> [COLLECTED DATA]
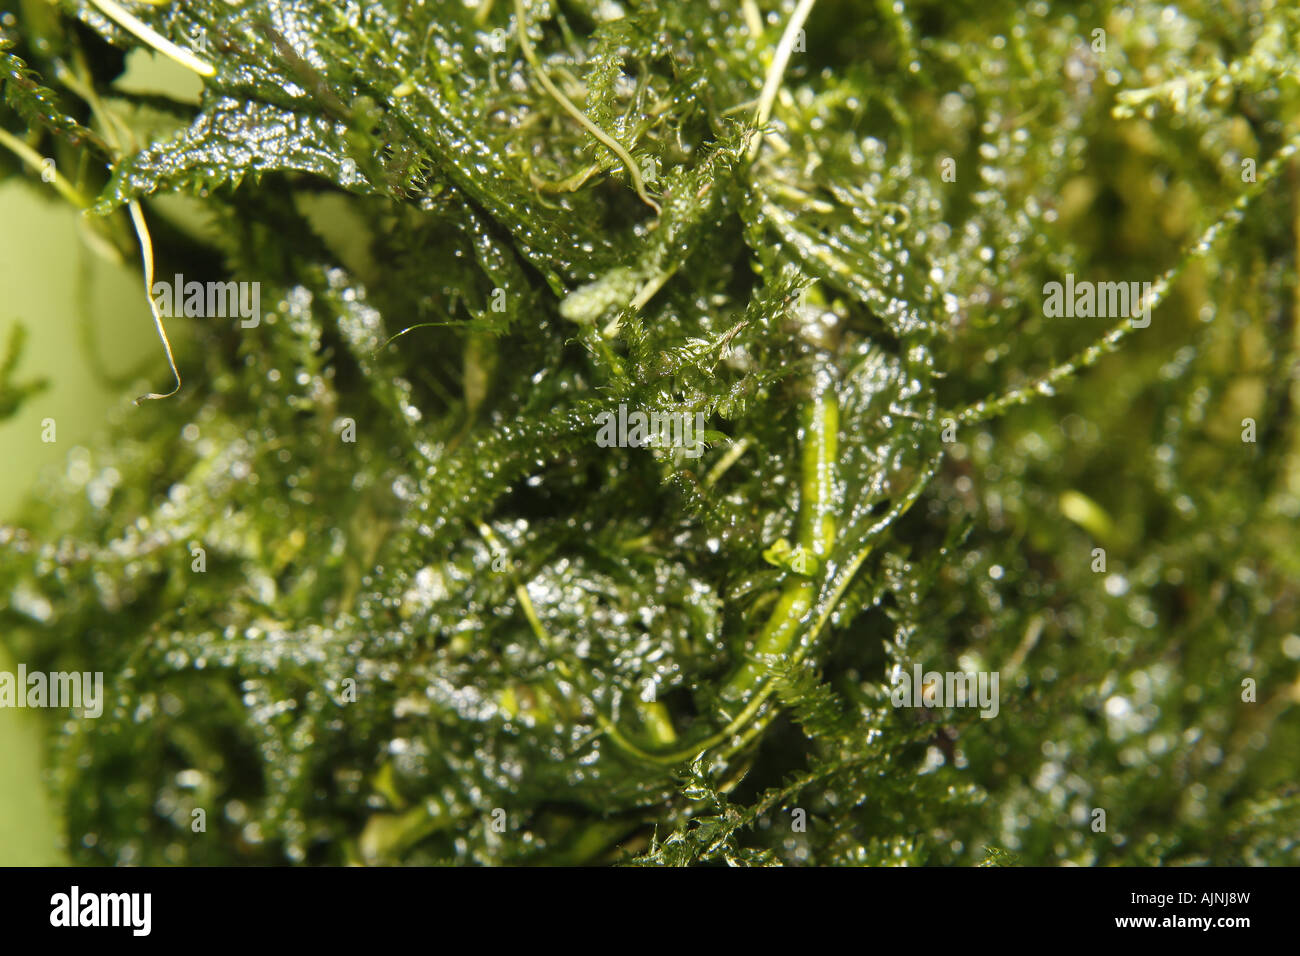 java moss Vesicularia dubyana Stock Photo
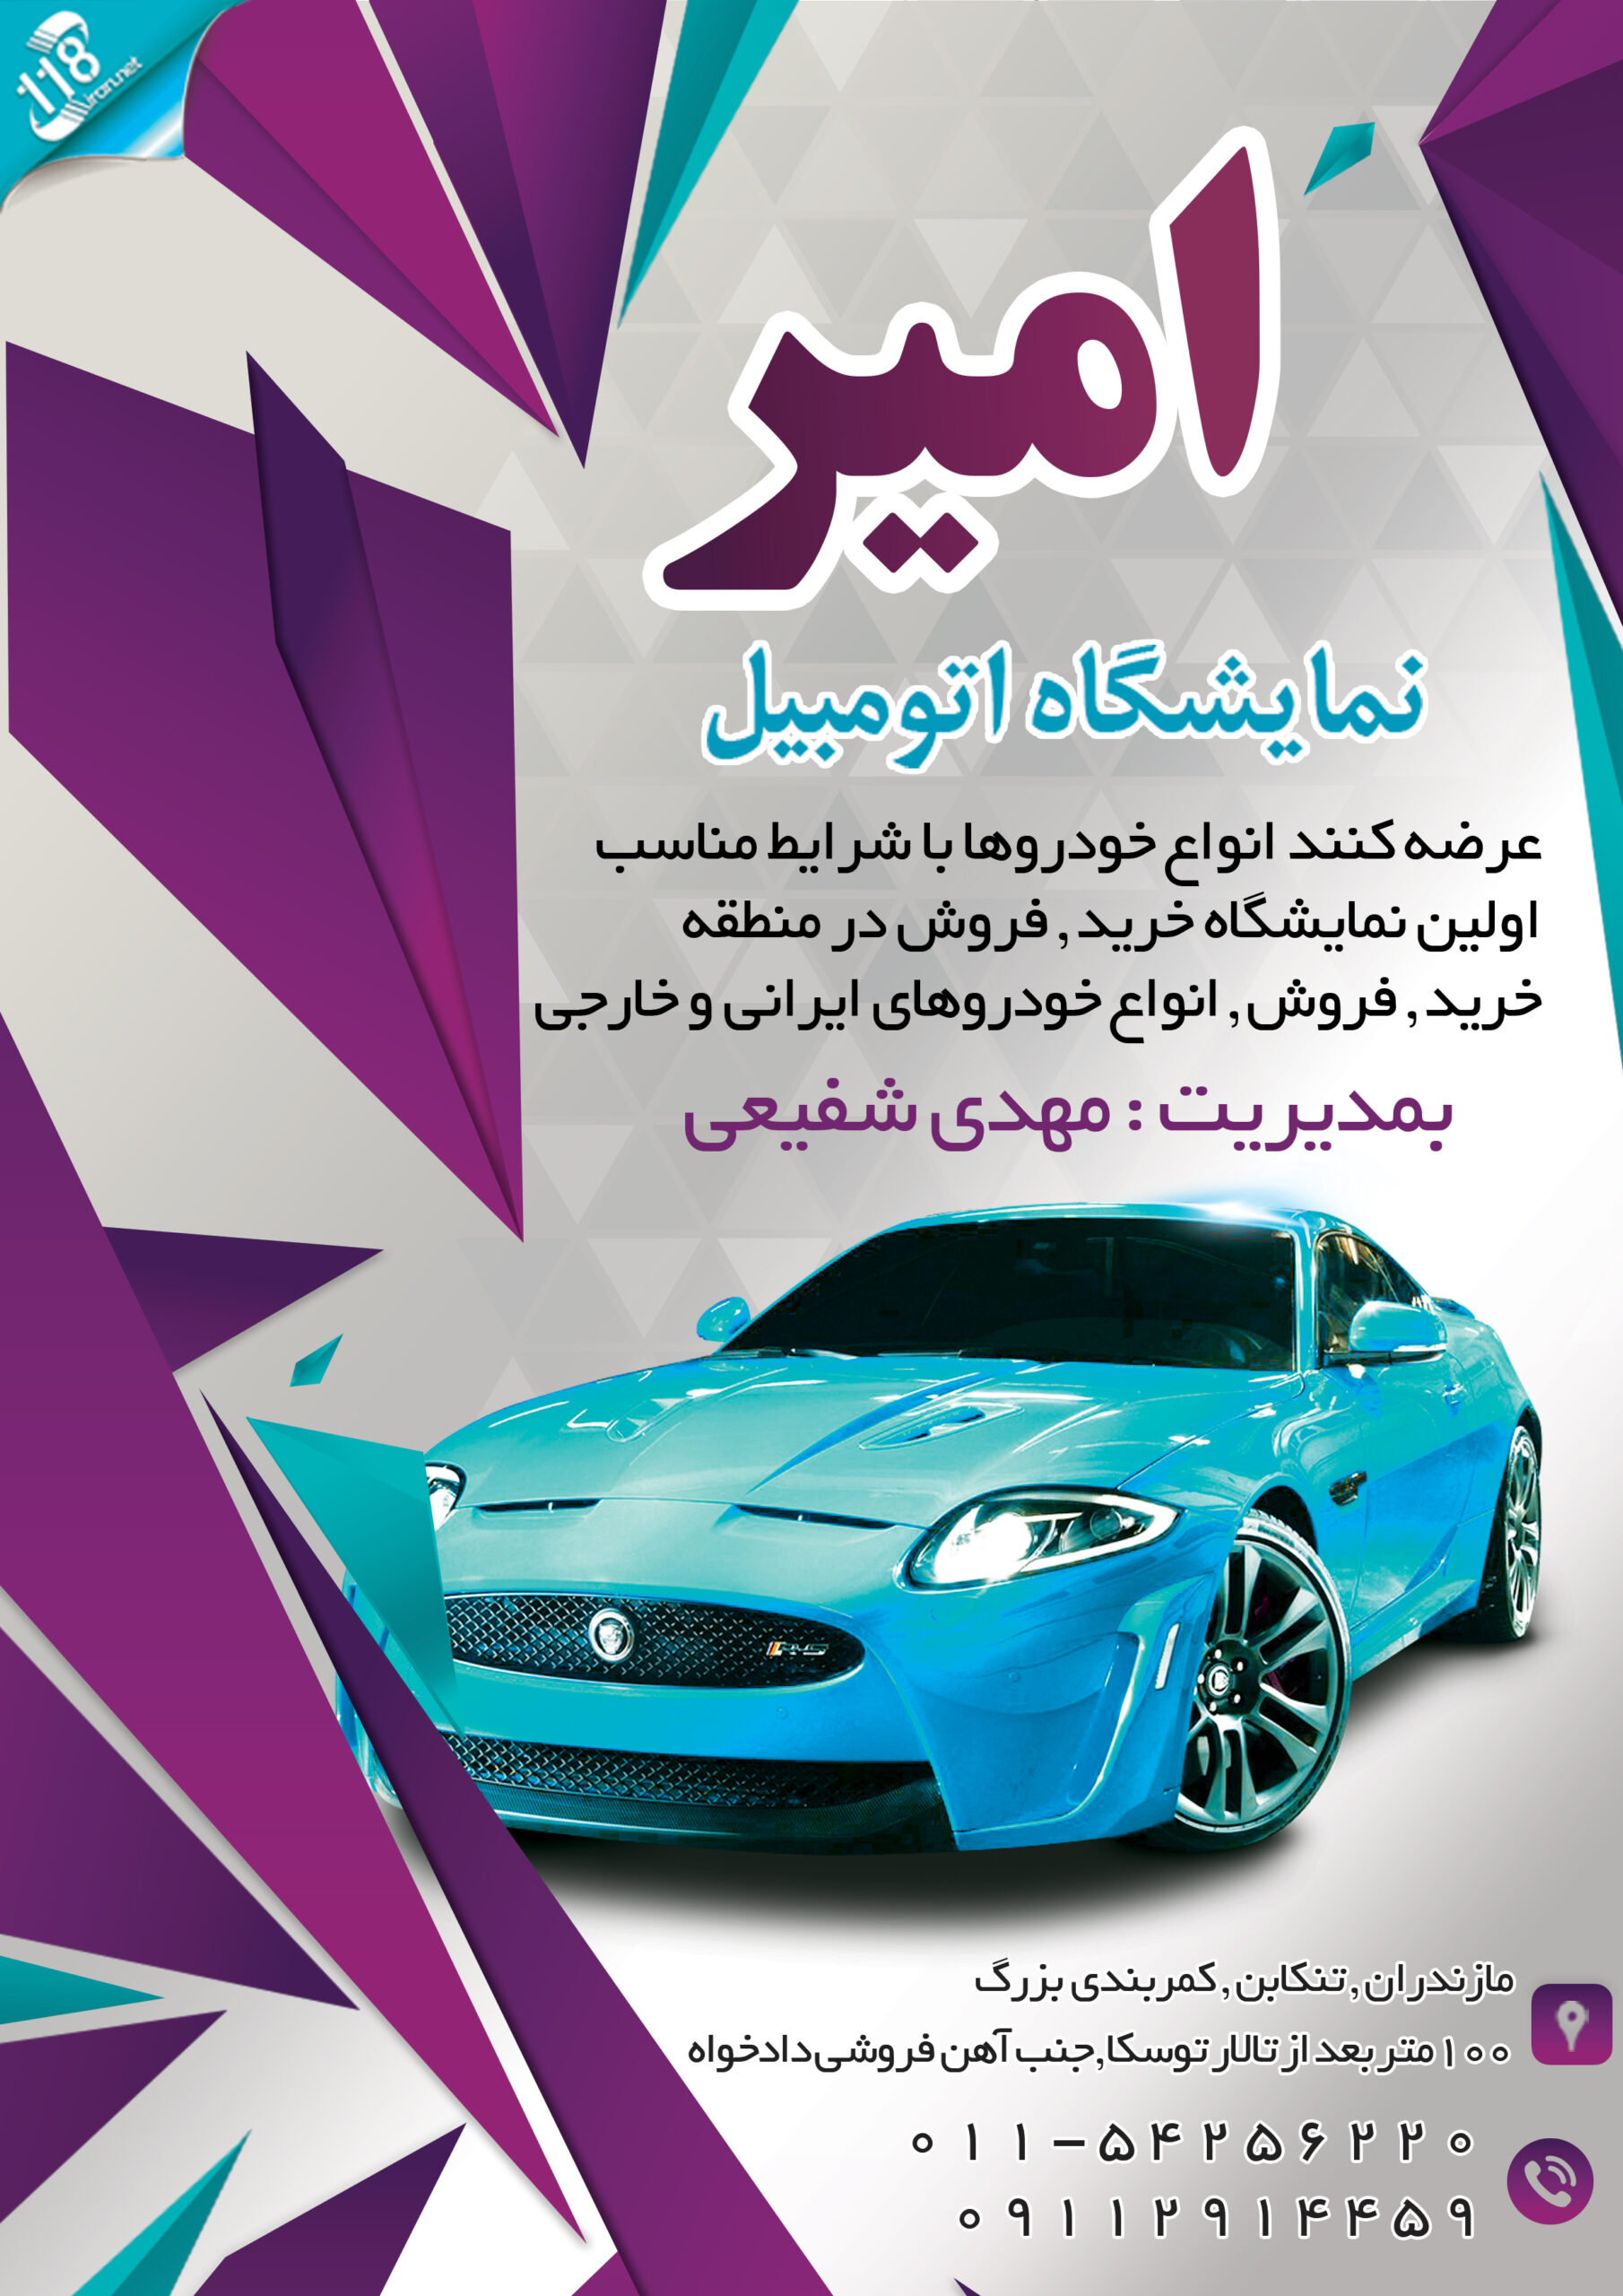  نمایشگاه اتومبیل امیر مازندران 
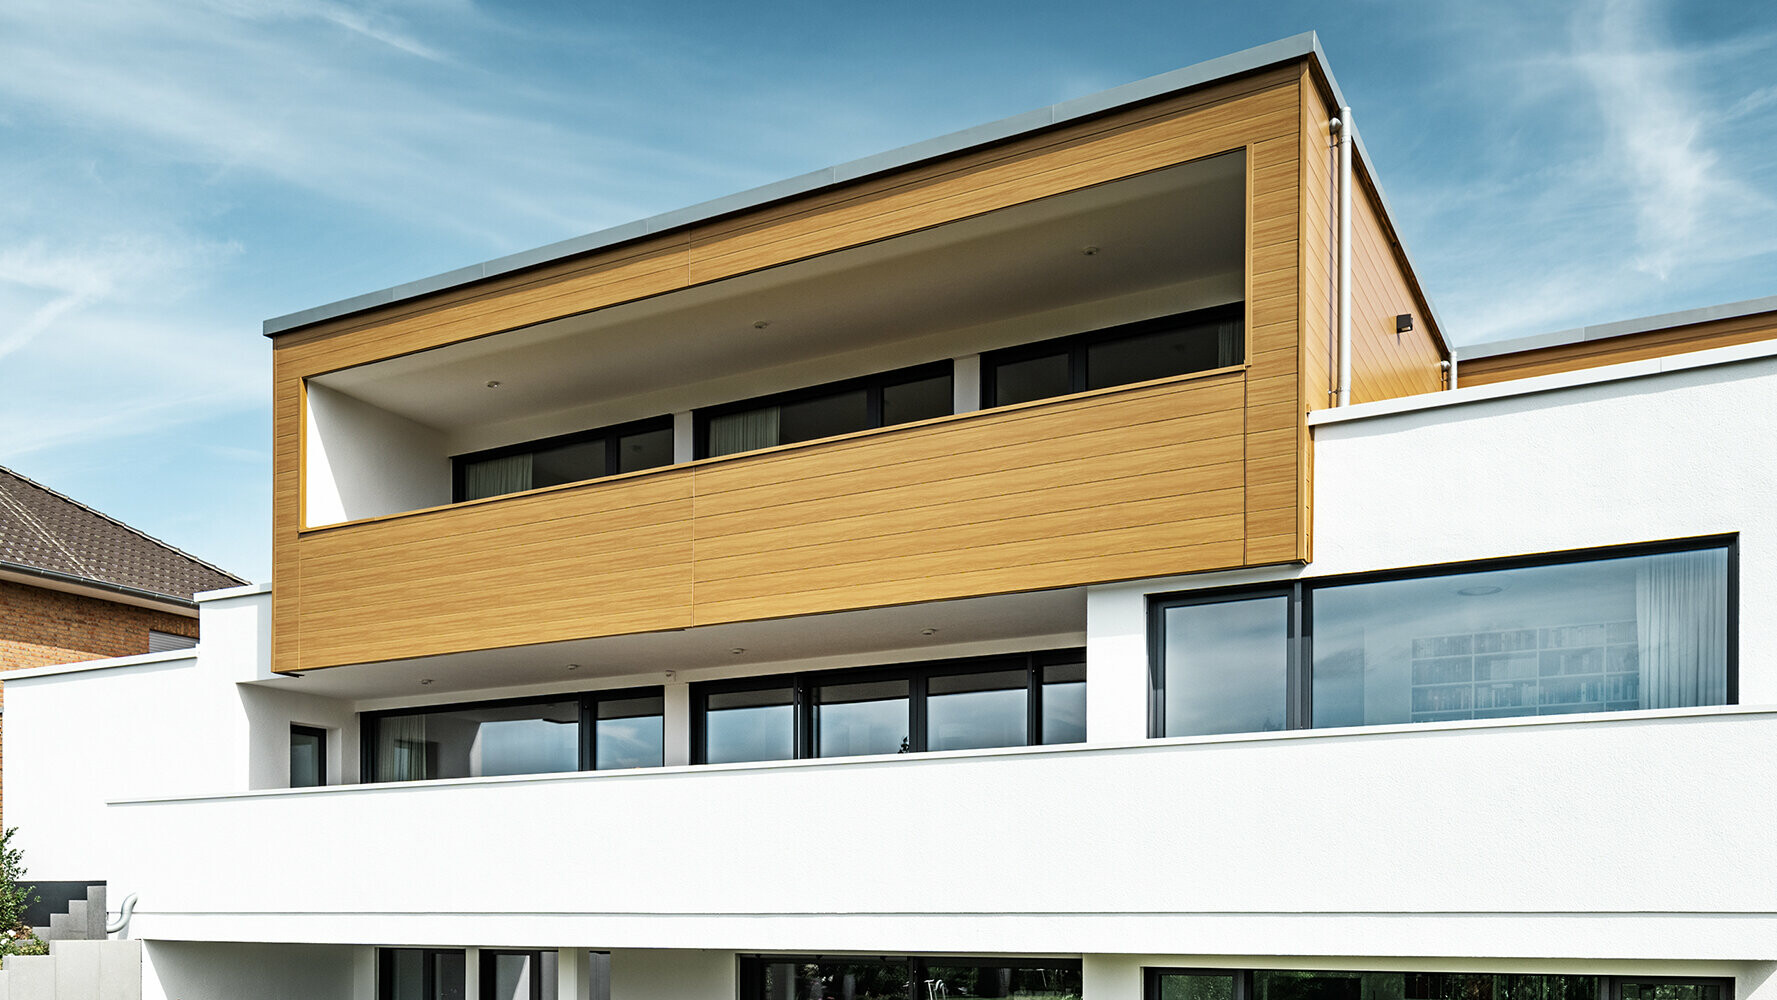 Moderní dům s arkýřem obloženým fasádními lamelami Siding PREFA v barvě šedého dubu.

> [WORK INSTRUCTION]
Only text belongs in the copy: repeat each line of the data exactly and leave out the pictures.

> [WRITTEN RESPONSE]
 java moss Vesicularia dubyana Stock Photo
  نمایشگاه اتومبیل امیر مازندران 
 Moderní dům s arkýřem obloženým fasádními lamelami Siding PREFA v barvě šedého dubu.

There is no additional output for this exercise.